I've received a lot of flak for this answer in other communities, but, if a stat...

stetrain · on Sept 7, 2023

Not a copyright lawyer, but if we take the AI out of it then derivative works, fair use, etc. are already a grey area. It's a thing that gets argued about all the time in court cases.

If I train a model that given the input "When Mr. Bilbo Baggins" produces the entirety of The Lord of the Rings trilogy and release it, I have probably infringed copyright.

If I train a model that produces some generic paragraphs about "mountains" and "dragons" but contains no meaningful direct quotes or phrases, then that probably isn't a violation on its own. Those words appear in Tolkien's works but are not themselves enough to copyright.

If to train that model it is demonstrated that I copied Tolkien's works in a way not allowed for by the copyright license, (ie buying the book once and copying their text thousands of times across servers to train an AI model) then perhaps I have violated copyright in the interim steps even if the output of my model is no longer consider a copy of the original works.

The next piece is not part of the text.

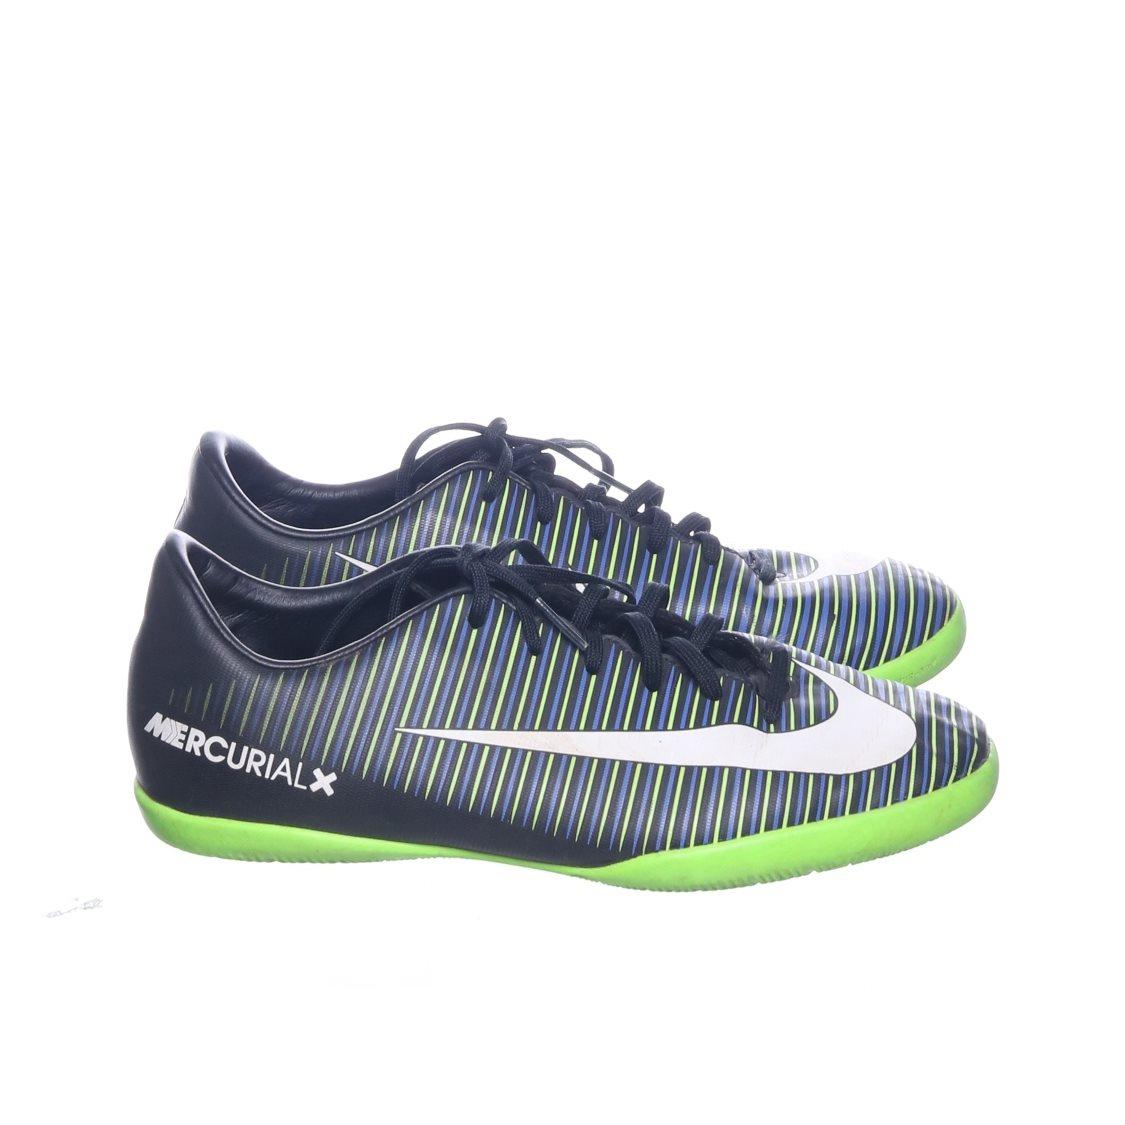 size 40 247aa 20982 Nike, Fotbollsskor, Strl  36.5, Mercurial X, Svart Grön Vit

I don't think there are black and white answers here. At one point does a chopped up and statisticized copyrighted work become no longer a copyrighted work? Can you train a model on something without first copying that thing in a way that violates copyright law?

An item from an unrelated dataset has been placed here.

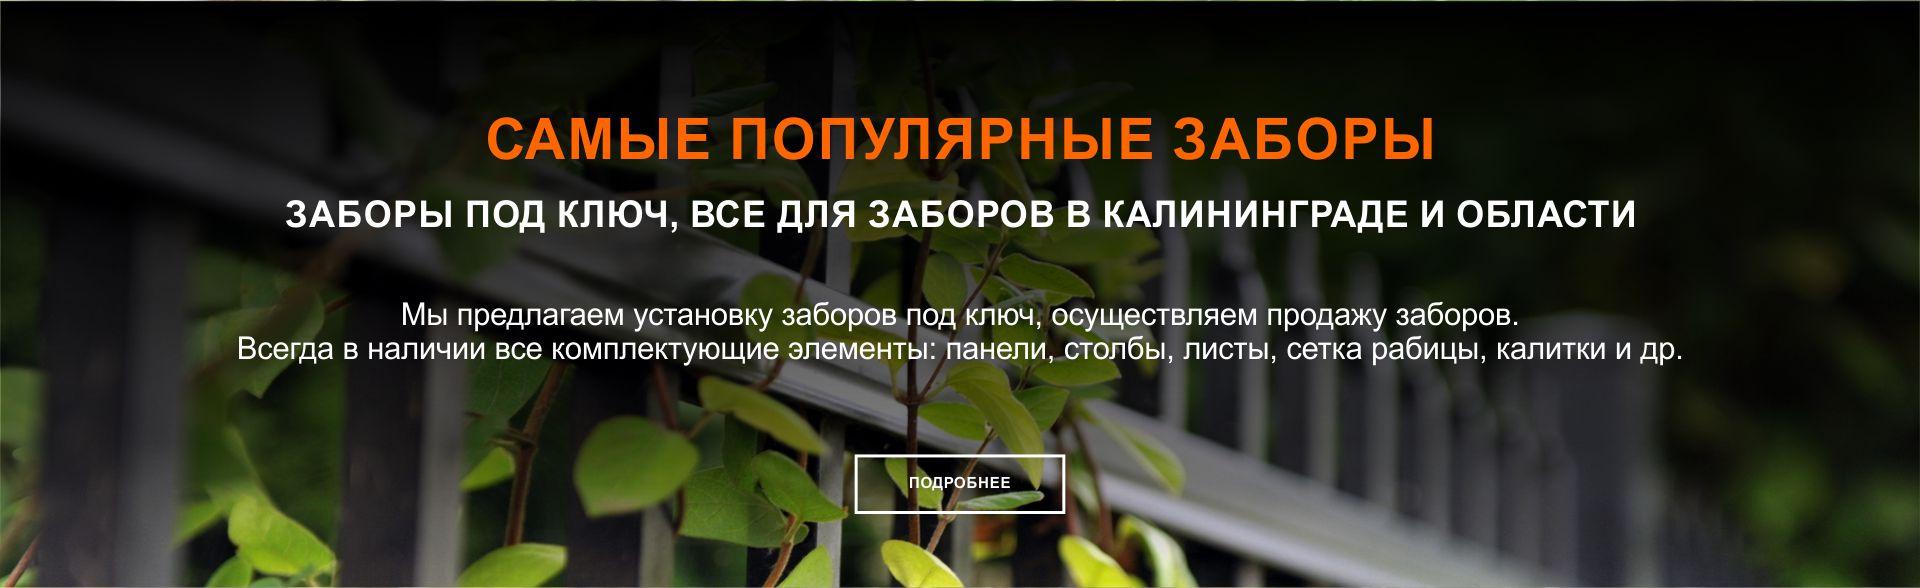 Самые популярные заборы в Калининграде

These are squishy human concepts that get decided by humans in courtrooms and legislative bodies. I don't think the details of the math involved are going to make a big difference in the eventual outcomes.

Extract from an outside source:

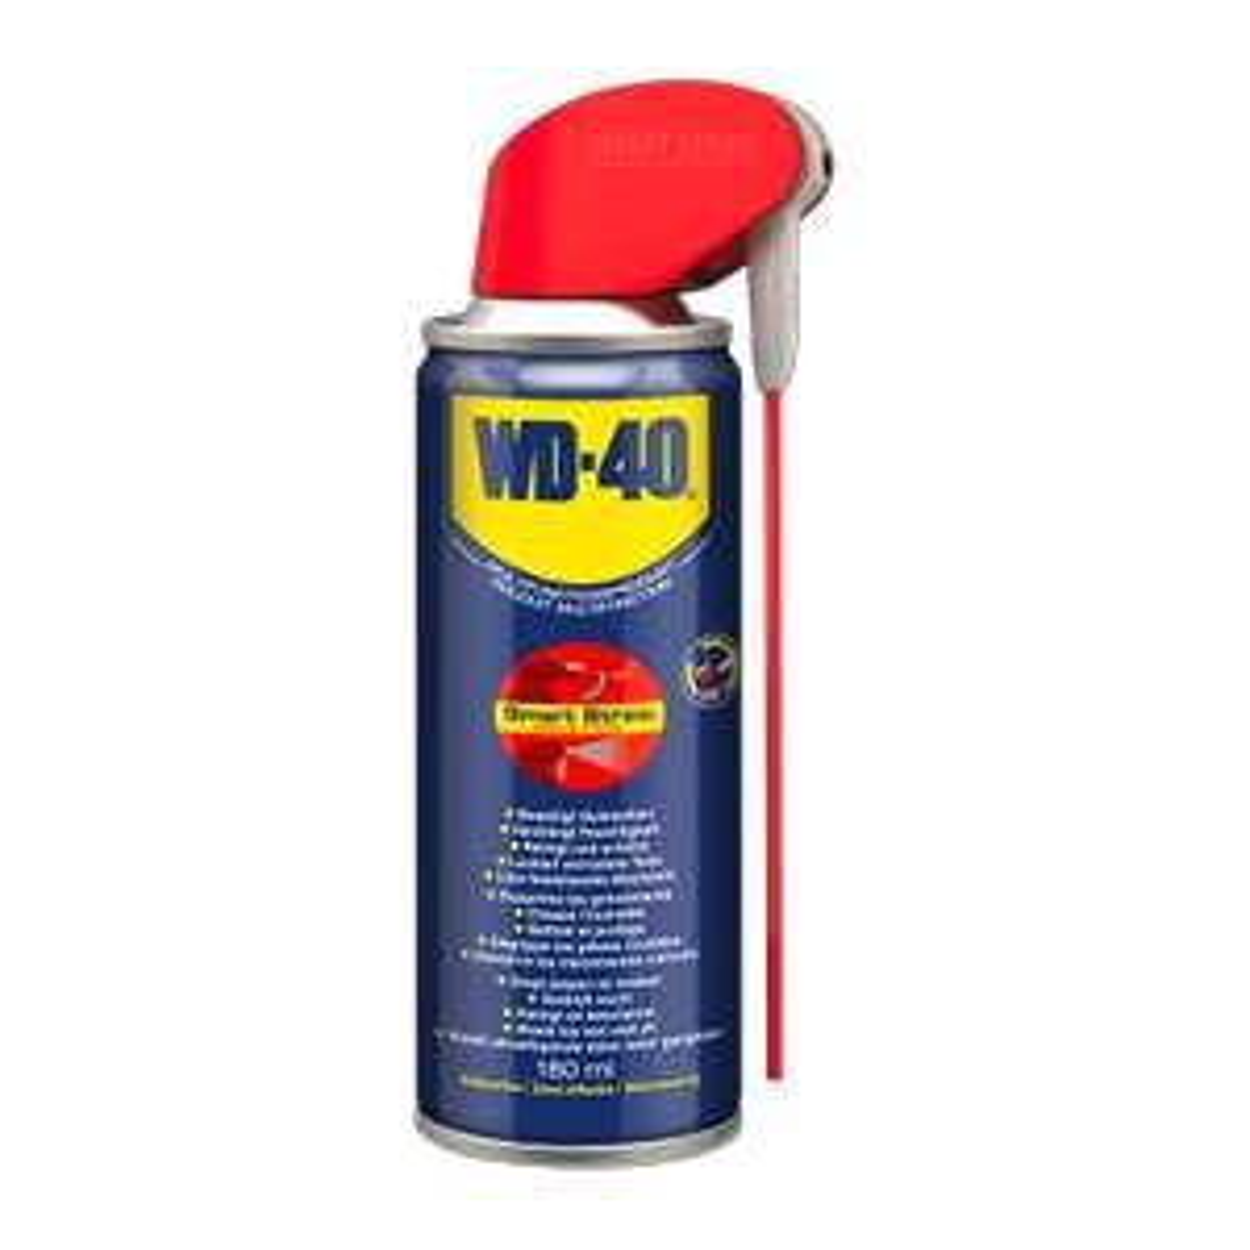 [Aldi Nord] Multifunktionsöl WD 40 Smart Straw je 180ml-Dose für nur 2,41€

burnished · on Sept 7, 2023

Not a lawyer.

But, no, it isn't stealing, but no one was talking about theft here - copyright violation is a separate concept. I think in part the less than cold welcome you are receiving is due to this subtle but fundamental difference

whitfieldsdad · on Sept 7, 2023

Ah, gotcha - I assumed that if some document said you couldn't use something for some purpose and you decided to use it anyway it would be considered theft from the intellectual property owner.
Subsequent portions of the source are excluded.